DATASET EXCERPTS:
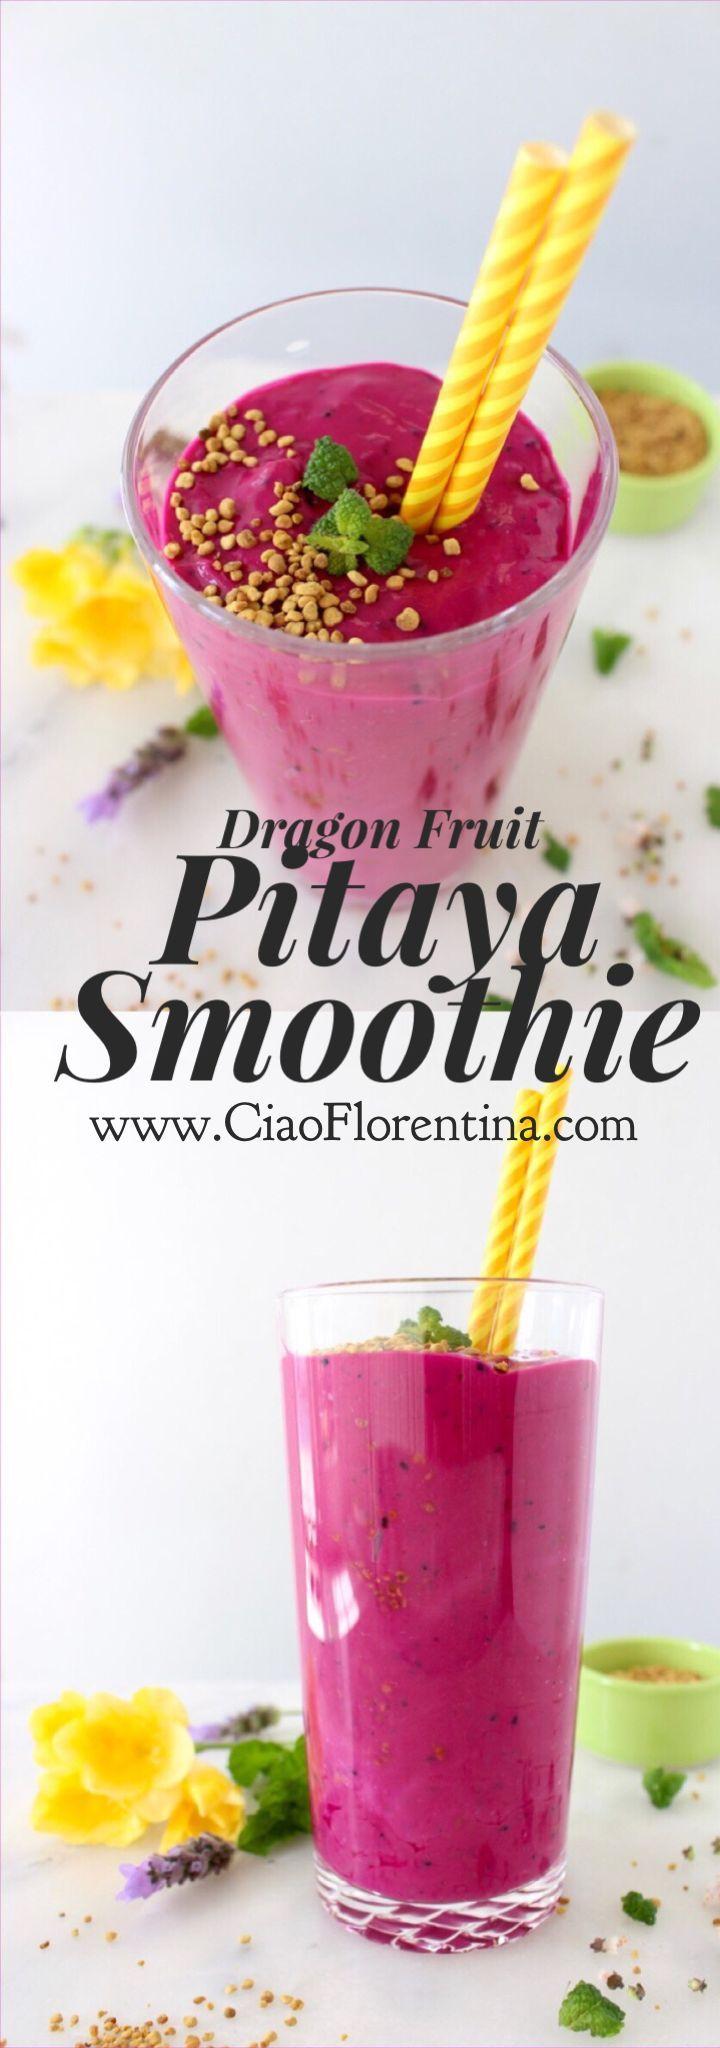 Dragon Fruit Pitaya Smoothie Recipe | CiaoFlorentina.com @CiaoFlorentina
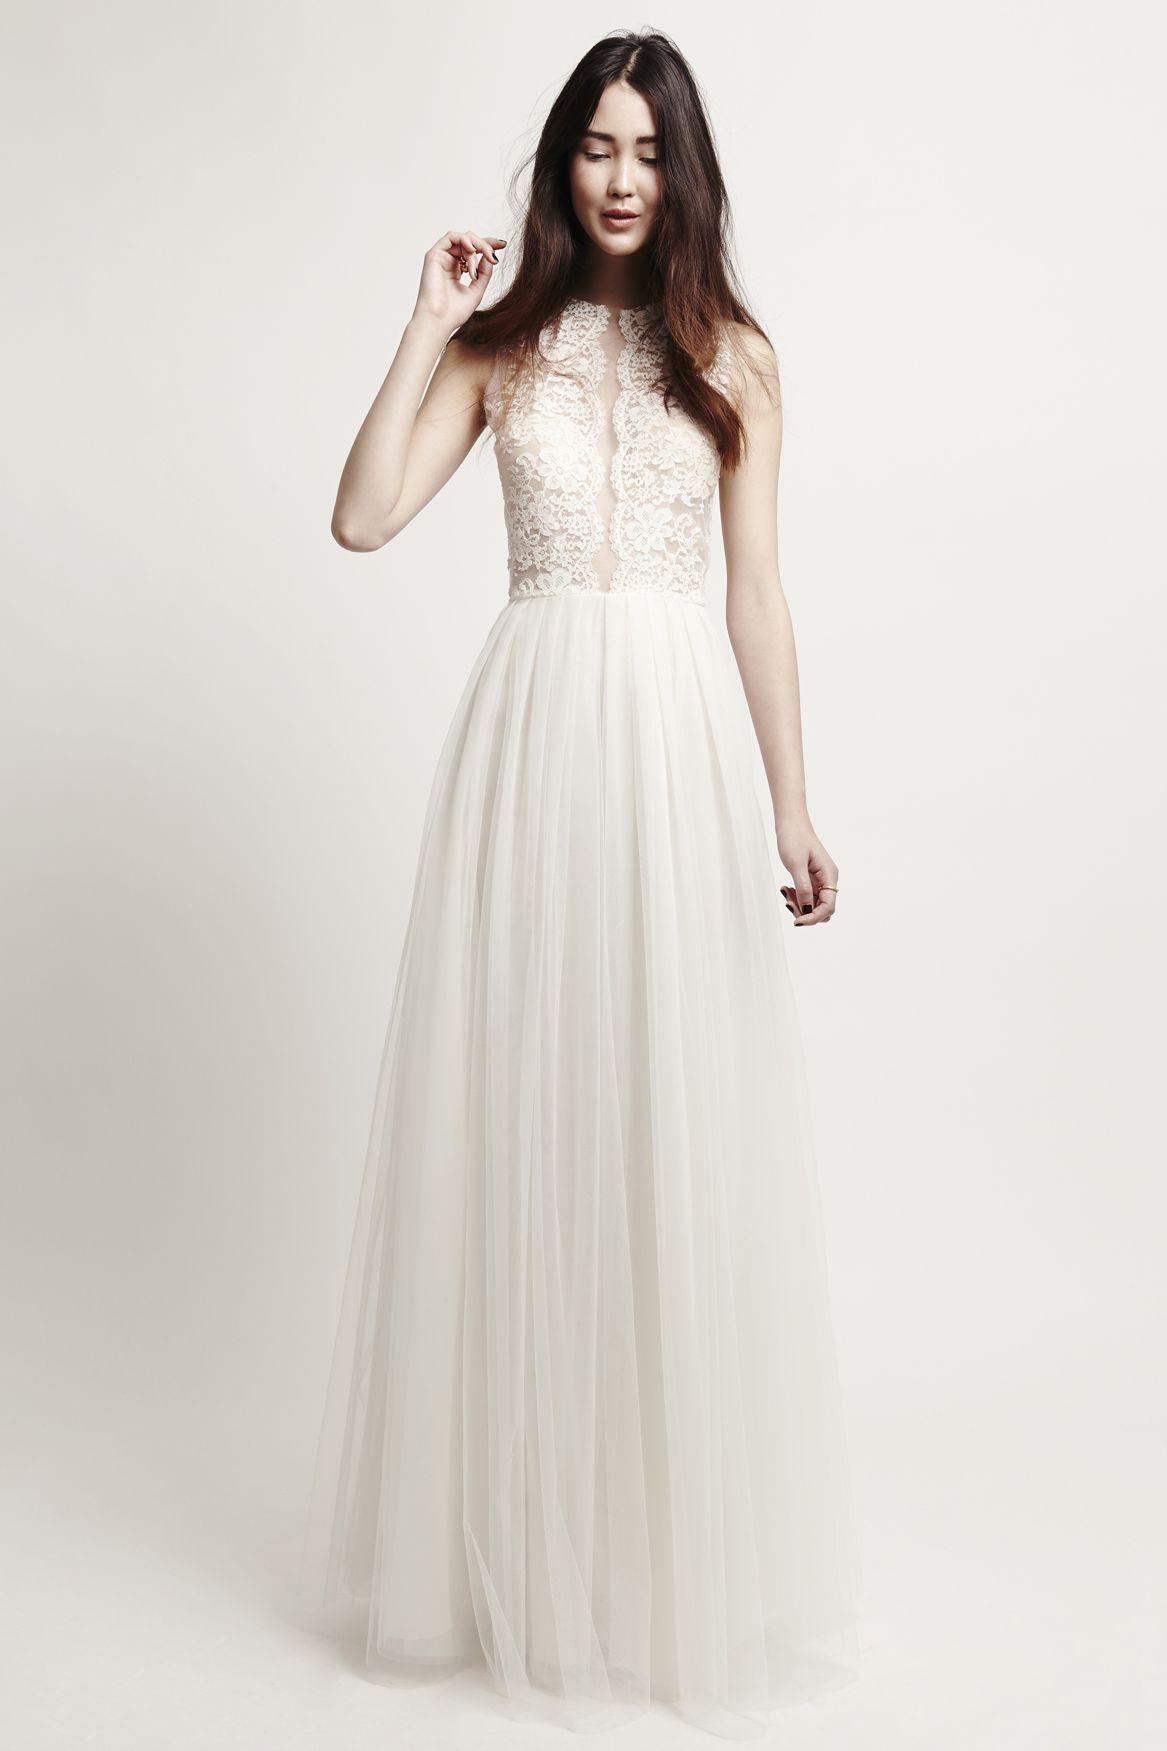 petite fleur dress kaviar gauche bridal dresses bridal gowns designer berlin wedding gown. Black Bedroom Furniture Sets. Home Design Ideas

---

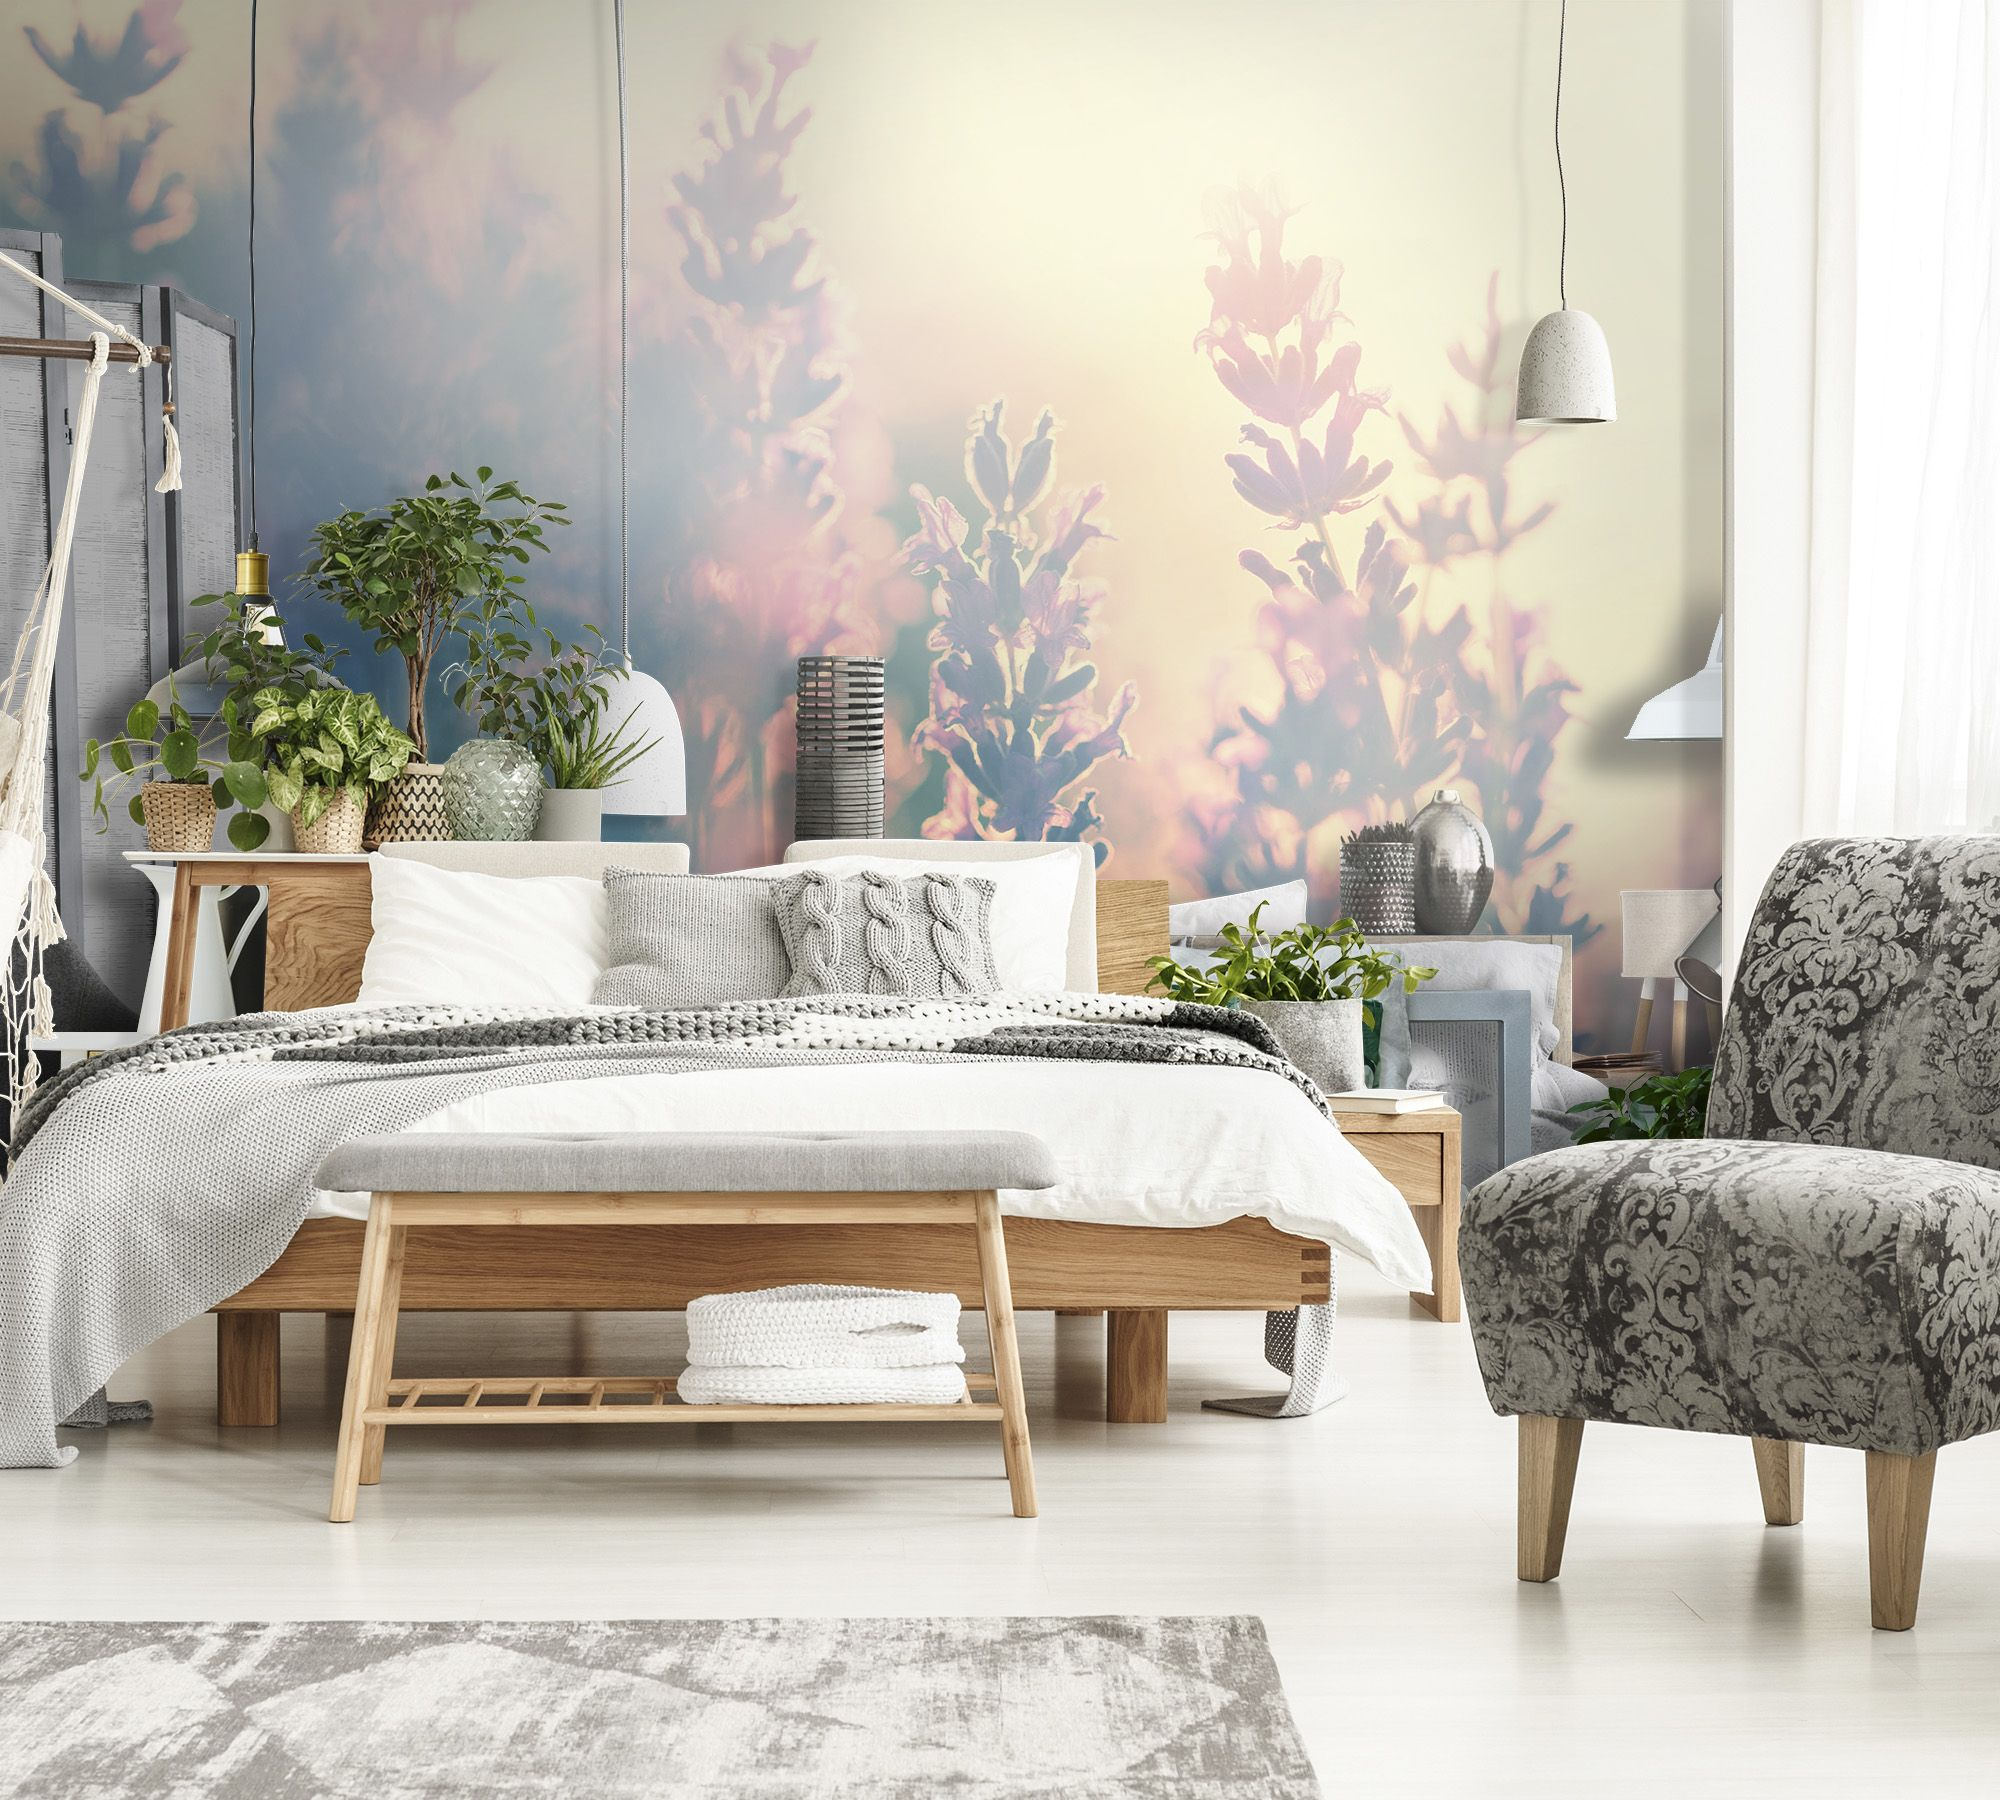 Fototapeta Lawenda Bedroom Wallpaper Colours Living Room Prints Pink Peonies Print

GOAL OF THE EXERCISE: Look above for the line with "Dragon Fruit Pitaya", then give again exactly every line from there through the line with "petite fleur dress", skipping the pictures.

RESPONSE AREA:
 Dragon Fruit Pitaya Smoothie Recipe | CiaoFlorentina.com @CiaoFlorentina
 petite fleur dress kaviar gauche bridal dresses bridal gowns designer berlin wedding gown. Black Bedroom Furniture Sets. Home Design Ideas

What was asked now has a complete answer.